Sneezing, itching, and a runny nose. Living with allergies is a constant battle. But there are specific times during the year that can impact allergy sufferers more than others.

The effects of seasonal and perennial allergies are very similar, but their causes are different. And things like the weather, the climate, the time of day, and even geographic location can all play a role in the timing and severity of symptoms.

Spring is in the air. So are allergens. How to tell the difference between seasonal and perennial allergies

For those who suffer with allergies, it is important to learn how to tell the difference between seasonal and perennial allergies, their potential triggers, and where and when they’re most susceptible to experiencing symptoms.

symptoms are nearly identical

At their core, both seasonal and perennial allergies are caused by the same thing – the body’s immune system producing antibodies to attack what it perceives as an invader.

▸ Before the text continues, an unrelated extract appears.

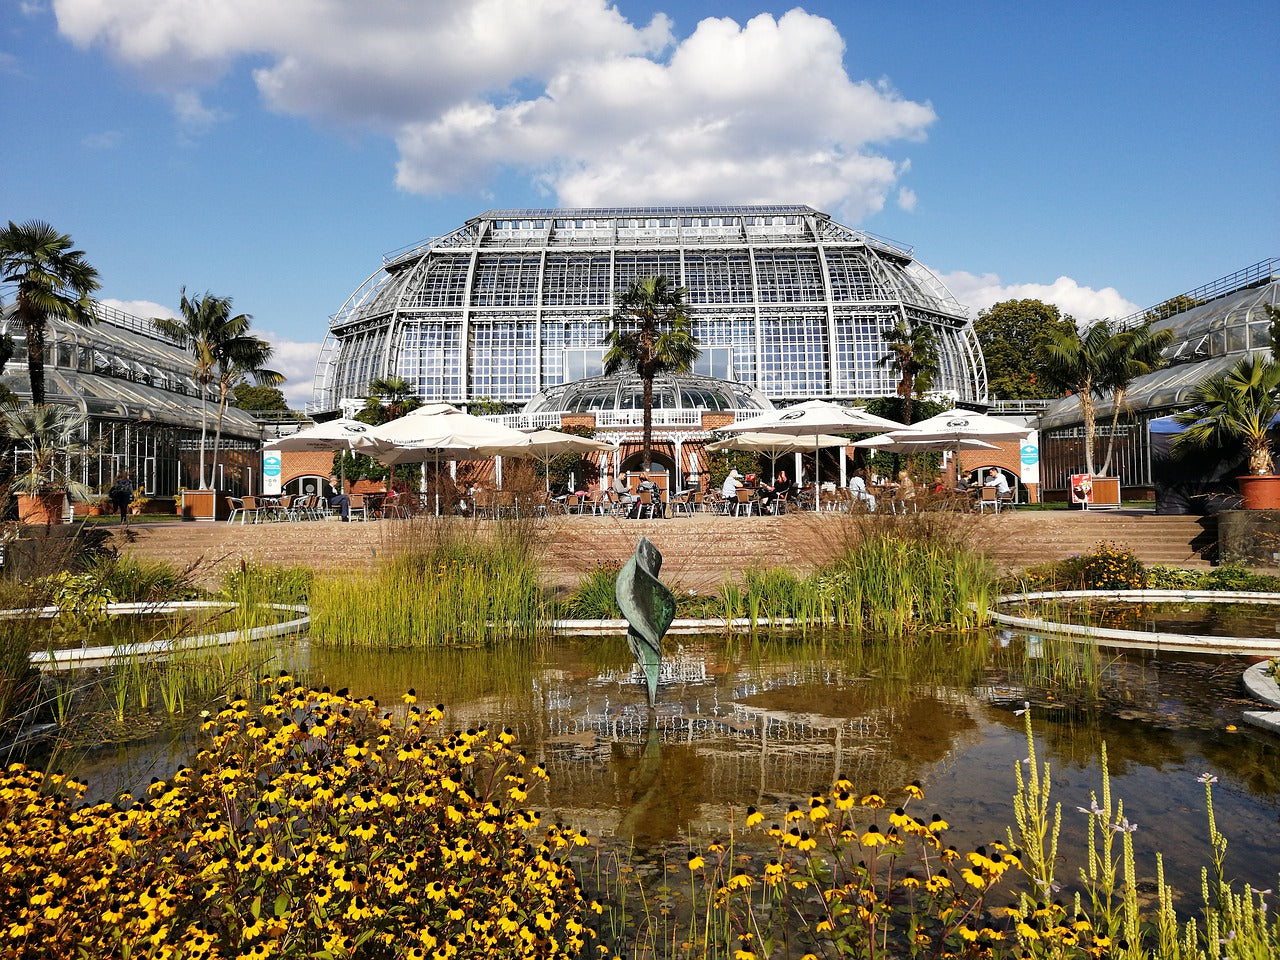 Jardin remarquable d’Europe #12 le jardin botanique de Berlin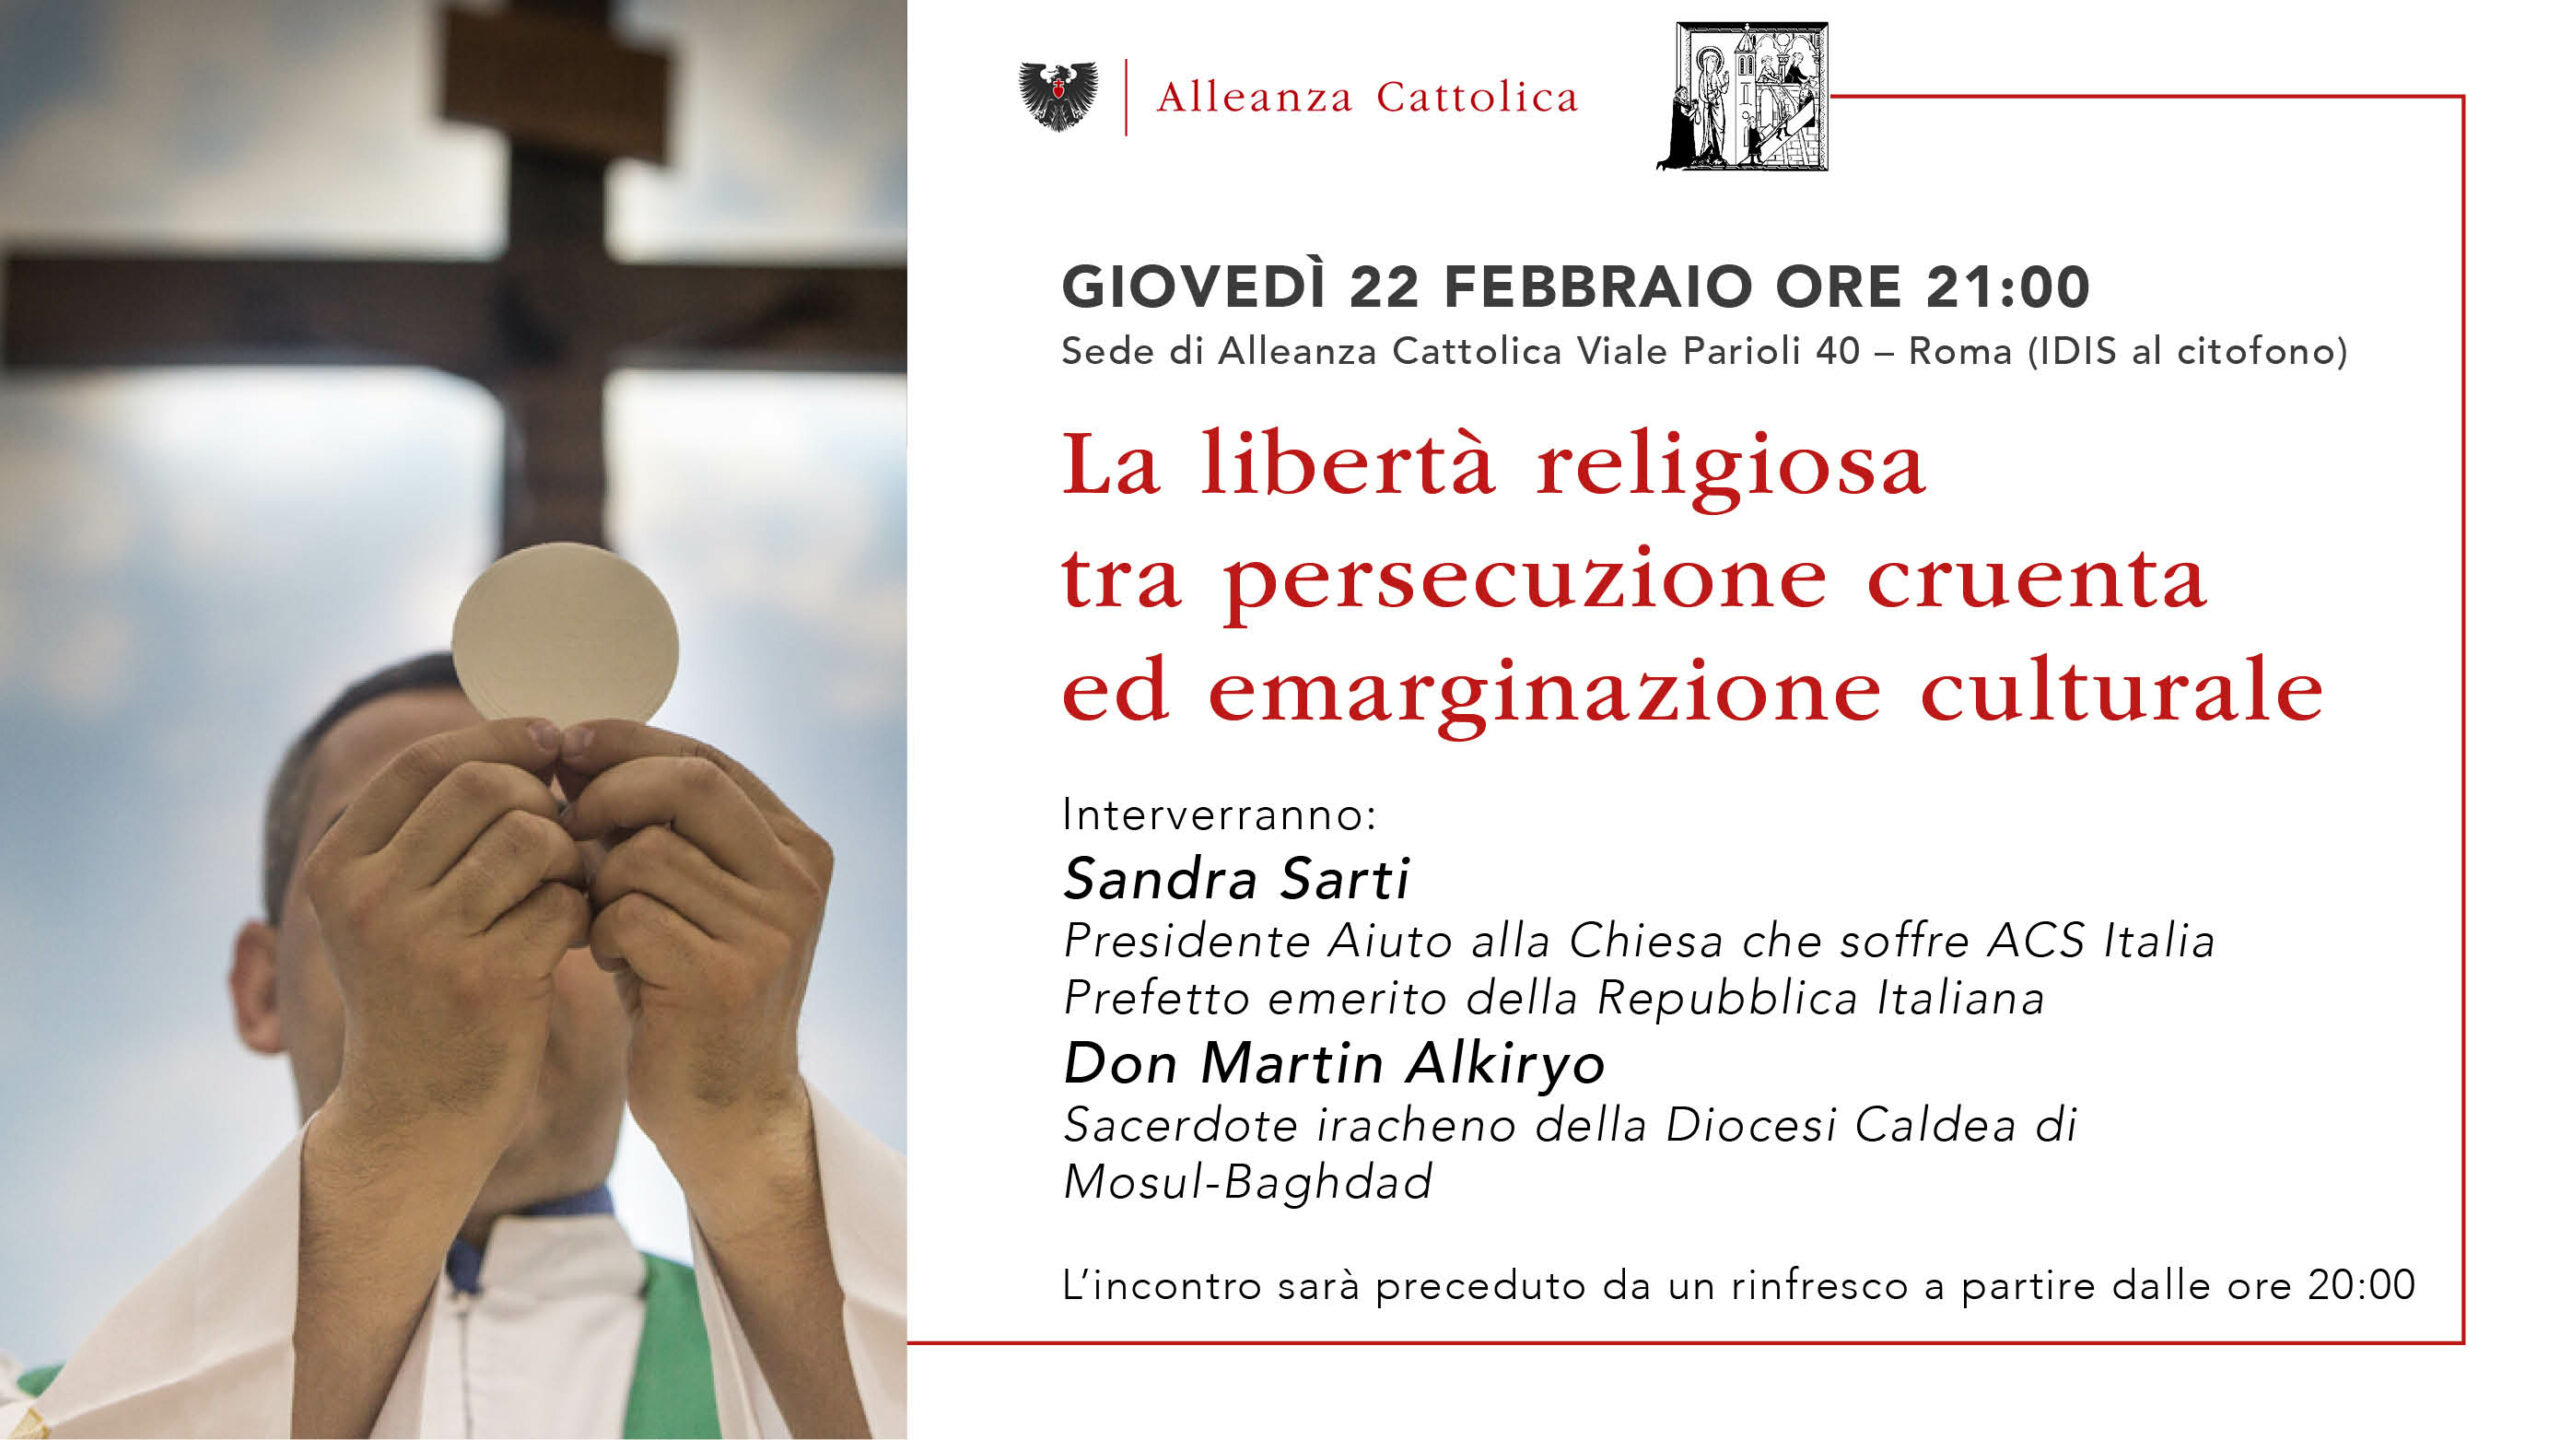 Giovedì 22 febbraio - Sede di Alleanza Cattolica Roma - La libertà religiosa tra persecuzione cruenta ed emarginazione culturale

Because seasonal and perennial allergies are both types of rhinitis (an inflammation of the mucous membranes that lines the nose), the symptoms are nearly identical. Where seasonal and perennial allergies differ is in both their duration and in their specific allergens.

Symptoms of both seasonal and perennial allergies include:

  • Runny nose
  • Stuffy nose
  • Sneezing
  • Itchy eyes, nose, mouth, and/or ears
  • Red and/or watery eyes
  • Swelling around the eyes
Yellow flower, behind it and blurred out a blonde woman blowing her nose into a tissue

Why Is Pollen Count Important?

The pollen count measures how much pollen is in the air, but it doesn’t have anything to do with a person’s symptoms or how bad they might be.

A “low” pollen count doesn’t always mean that there aren’t many symptoms, and a “high” pollen count doesn’t always mean that there are a lot of health problems. When there are a lot of pollen grains in the air, people should usually take more care.

Learn More About Pollen Count

What are perennial allergies?

Perennial (meaning, year-round) allergies come from allergens that are present throughout the year. Like the name suggests!

The most common causes of perennial allergies are dust mites, mold, pet dander, and insects, particularly cockroach debris. Additionally, irritants that can also cause allergy symptoms include smoke, diesel exhaust, and perfume.

What are seasonal allergies?

Seasonal allergies are allergic symptoms that occur only at certain times of the year.

According to the American College of Allergy, Asthma, and Immunology (ACAAI), the onset of seasonal spring allergies begins in February and lasts through early summer.

Seasonal allergy sufferers can also be affected by grass pollination during the late spring and summer months, while ragweed is most common during the late summer and fall.

Where you live, the climate, and the weather can all have an additional impact on the timing and severity of seasonal allergies.

What are the common causes of seasonal allergies?

Pollen is one of the most common triggers of seasonal allergies. Per the Asthma and Allergy Foundation of America (AAFA), there are three primary types of pollen allergies: tree pollen, grass pollen, and weed pollen. Each pollen is most prevalent during a different season.

Tree pollen

Yellow tall trees with a clear blue sky
Pollen count is a number unique to your city or region. In fact, many local news sources and weather reports include a pollen count on their website. Depending on what they are counting and what you are allergic to, a high pollen count may or may not be relevant to you.

Tree pollen is created when flowering trees and shrubs produce microspores that are then carried by the wind, thereby allowing the pollen grains to find their way into people’s eyes, nose, and lungs. 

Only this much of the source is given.